Sumenep I REALITAS   –   Di Desa Batuputih Daya, Kecamatan Batuputih, Kabupaten Sumenep, keadilan akhirnya menampakkan wujudnya bagi seorang anak yatim yang menjadi korban penganiayaan. Ibarat bangunan akhlak yang rapuh diterpa badai kebiadaban, pelaku kekerasan, Mas’oda, kini harus mempertanggungjawabkan perbuatannya di hadapan hukum. Pepatah bijak tentang konsekuensi kemarahan menemukan resonansinya di sini, di mana penyesalan, andai pun hadir, tak lagi mampu membendung gelombang keadilan yang telah bergulir.

Satuan Perlindungan Perempuan dan Anak (PPA) Polres Sumenep, dengan kecermatan dan ketegasan yang patut diacungi jempol, telah menuntaskan babak penyelidikan melalui gelar perkara yang melibatkan tim ahli. Hasilnya tak terbantahkan: Mas’oda resmi menyandang status tersangka atas tindak kekerasan terhadap anak di bawah umur yang menyayat hati nurani. Kanit PPA Polres Sumenep, Agus, menyampaikan bahwa analisis mendalam dari berbagai perspektif ahli telah mengukuhkan bukti-bukti yang memberatkan pelaku, sehingga peningkatan status hukum menjadi keniscayaan. Langkah selanjutnya, penangkapan tersangka, menjadi imperatif untuk memastikan proses hukum berjalan tanpa hambatan.

Kuasa Hukum korban, Ach. Supyadi SH, MH, menyambut penetapan tersangka ini sebagai manifestasi keadilan yang dinanti. Dalam pernyataan intelektualnya, Supyadi menuturkan, “Dari hasil gelar perkara yang komprehensif, terungkap jelas bahwa saudara Mas’oda kini berstatus tersangka. Mimpi buruk yang merupakan konsekuensi logis dari perilakunya telah menghampirinya.

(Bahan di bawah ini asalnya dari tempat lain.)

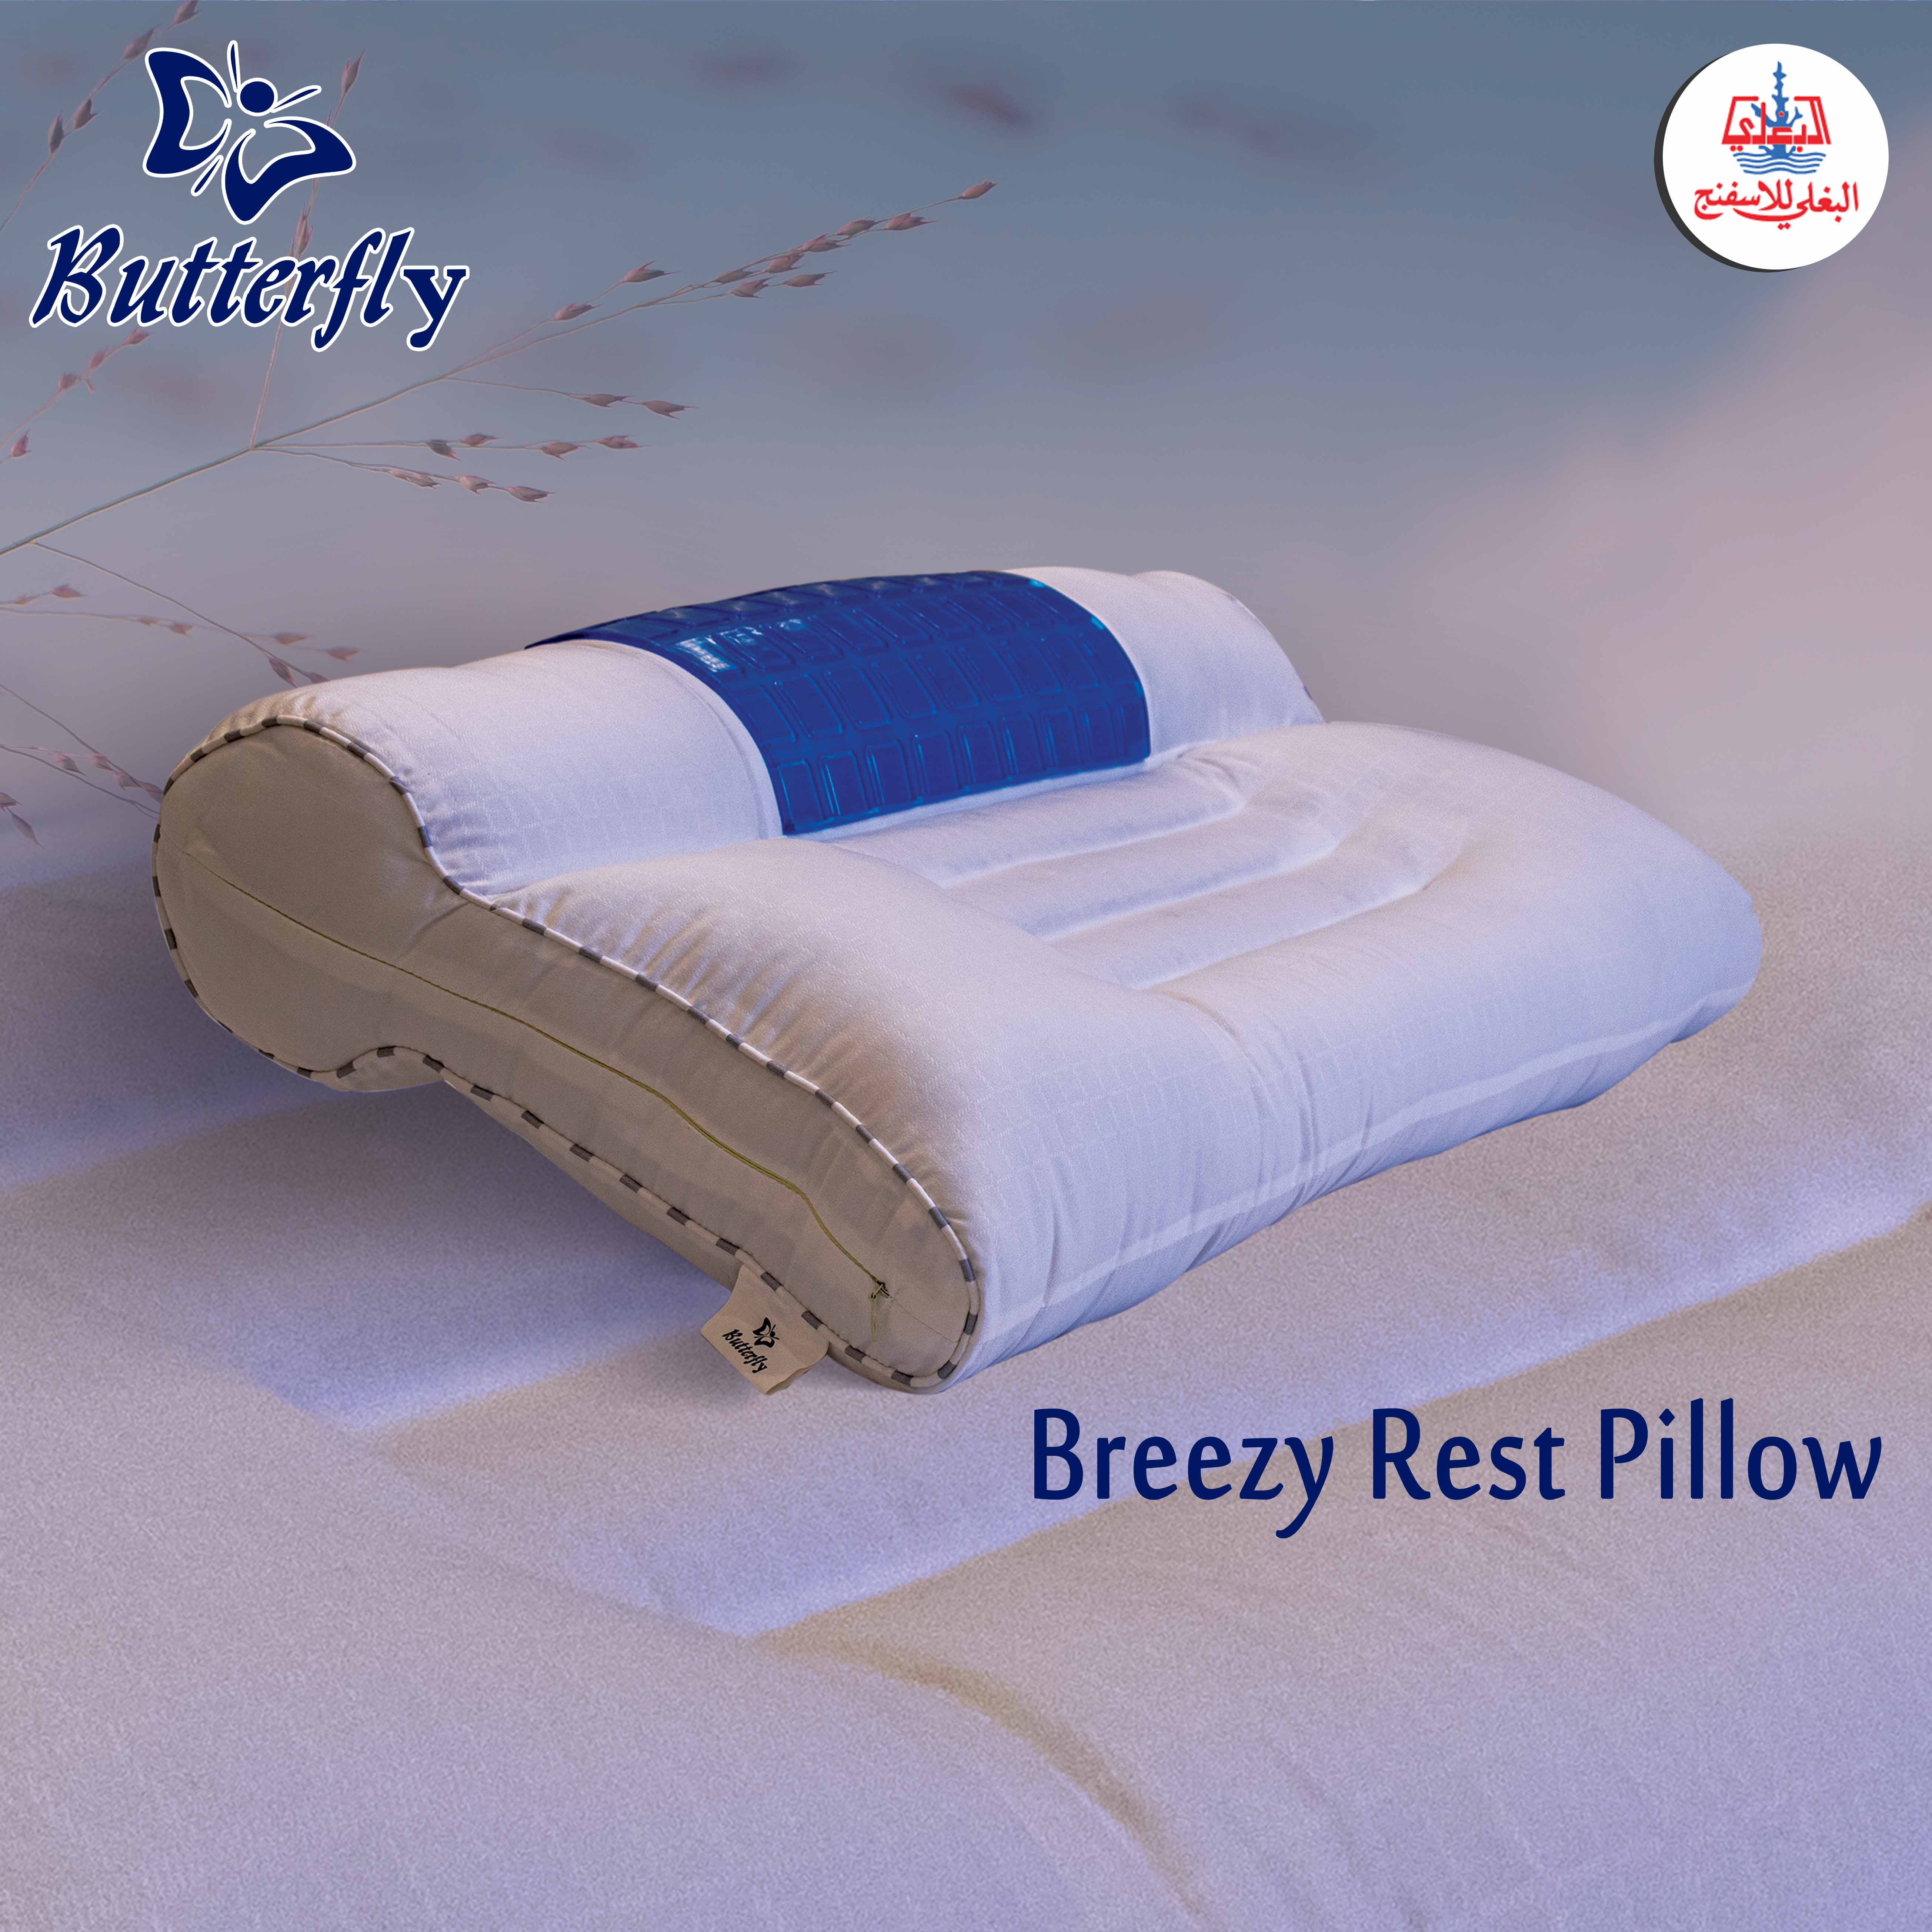 Butterfly Breezy Rest Pillow

Kami, selaku representasi hukum korban, memberikan apresiasi setinggi-tingginya kepada Polres Sumenep atas ketegasan dalam mengambil keputusan terkait kasus yang menimpa anak yatim ini.” Nada apresiasi ini bukan sekadar formalitas, melainkan pengakuan atas profesionalisme aparat dalam menegakkan pilar-pilar keadilan.

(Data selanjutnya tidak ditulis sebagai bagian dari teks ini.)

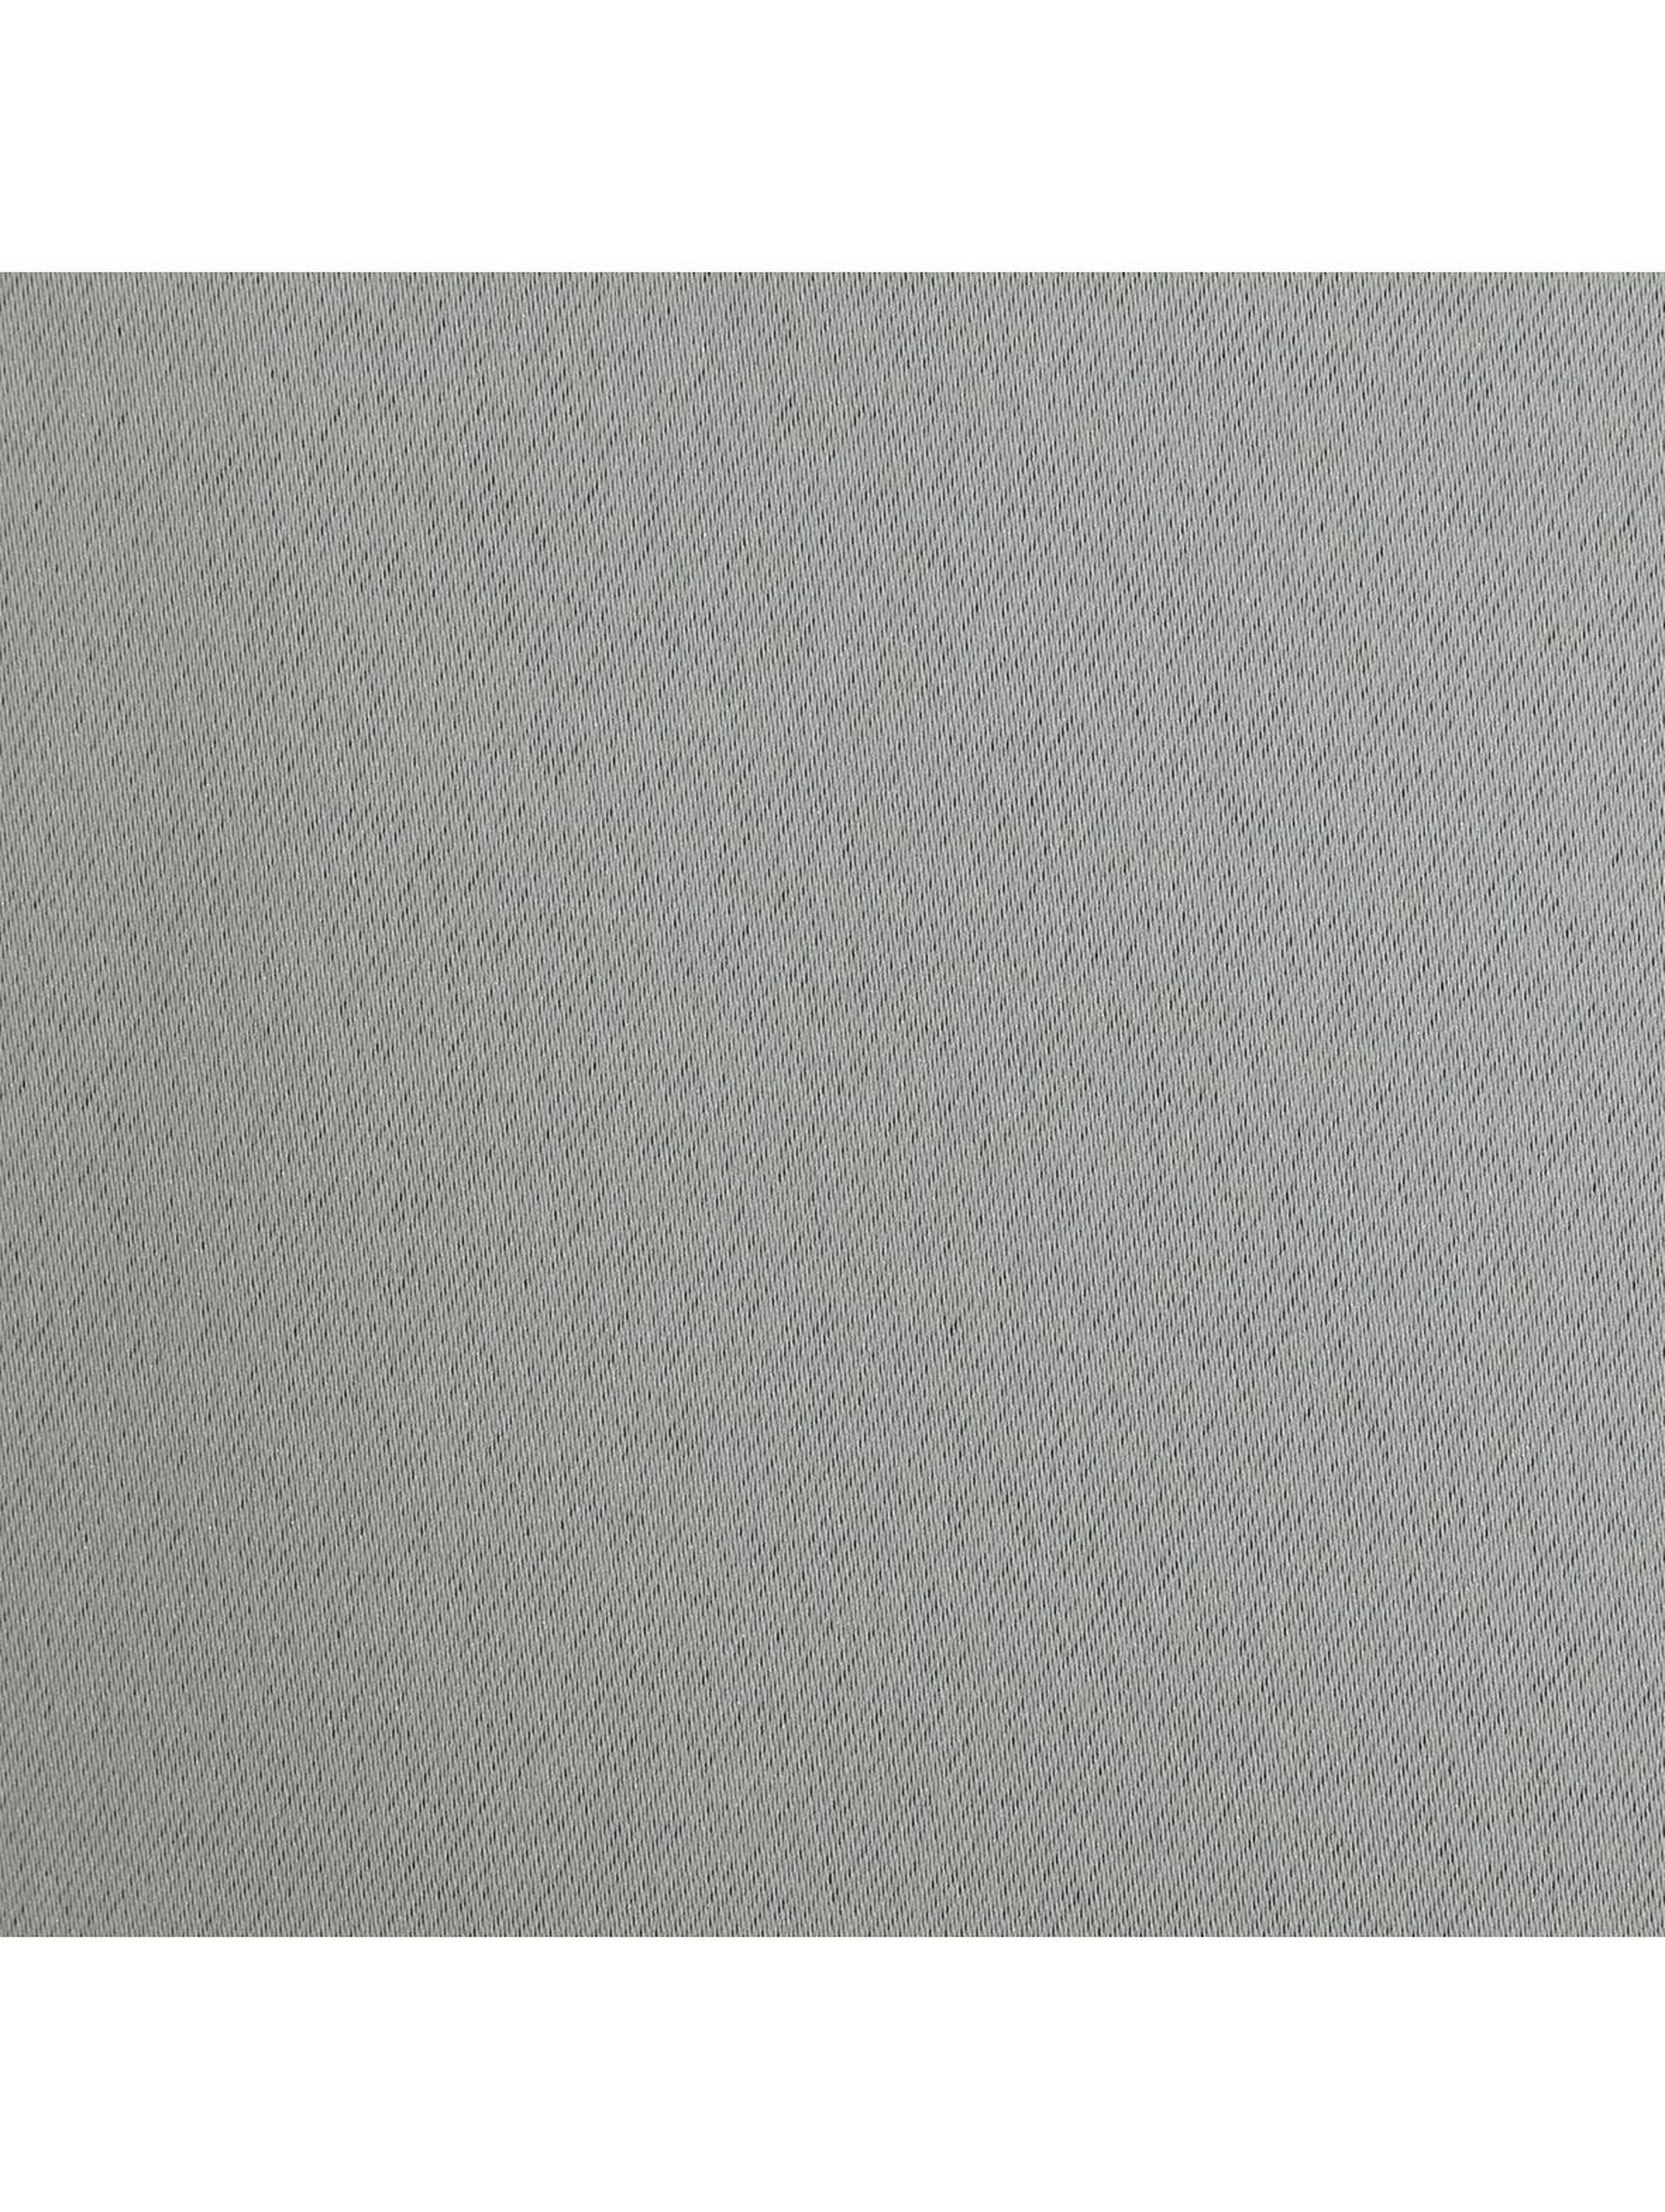 Zasłona jednokolorowa - szara - 135x250cm

BACA JUGA :  KORMI Kota Bekasi Melaksanakan Kegiatan Rapat Kerja

Lebih jauh, Supyadi menggarisbawahi dimensi preventif dari penegakan hukum dalam kasus ini. “Jika tindakan tegas tidak segera diambil, bukan tidak mungkin akan muncul preseden buruk dan berpotensi memunculkan kasus serupa dengan korban-korban lain. Ketetapan tersangka ini bukan hanya sekadar efek jera bagi Mas’oda, melainkan juga menjadi corpus delicti bagi masyarakat luas bahwa sekecil apapun kejahatan yang merugikan sesama, hukum dan keadilan akan hadir sebagai palang pintu terakhir,” tegas Supyadi. Pernyataan ini mengandung metafora mendalam tentang pentingnya hukum sebagai penjaga tatanan sosial dan pelindung nilai-nilai kemanusiaan.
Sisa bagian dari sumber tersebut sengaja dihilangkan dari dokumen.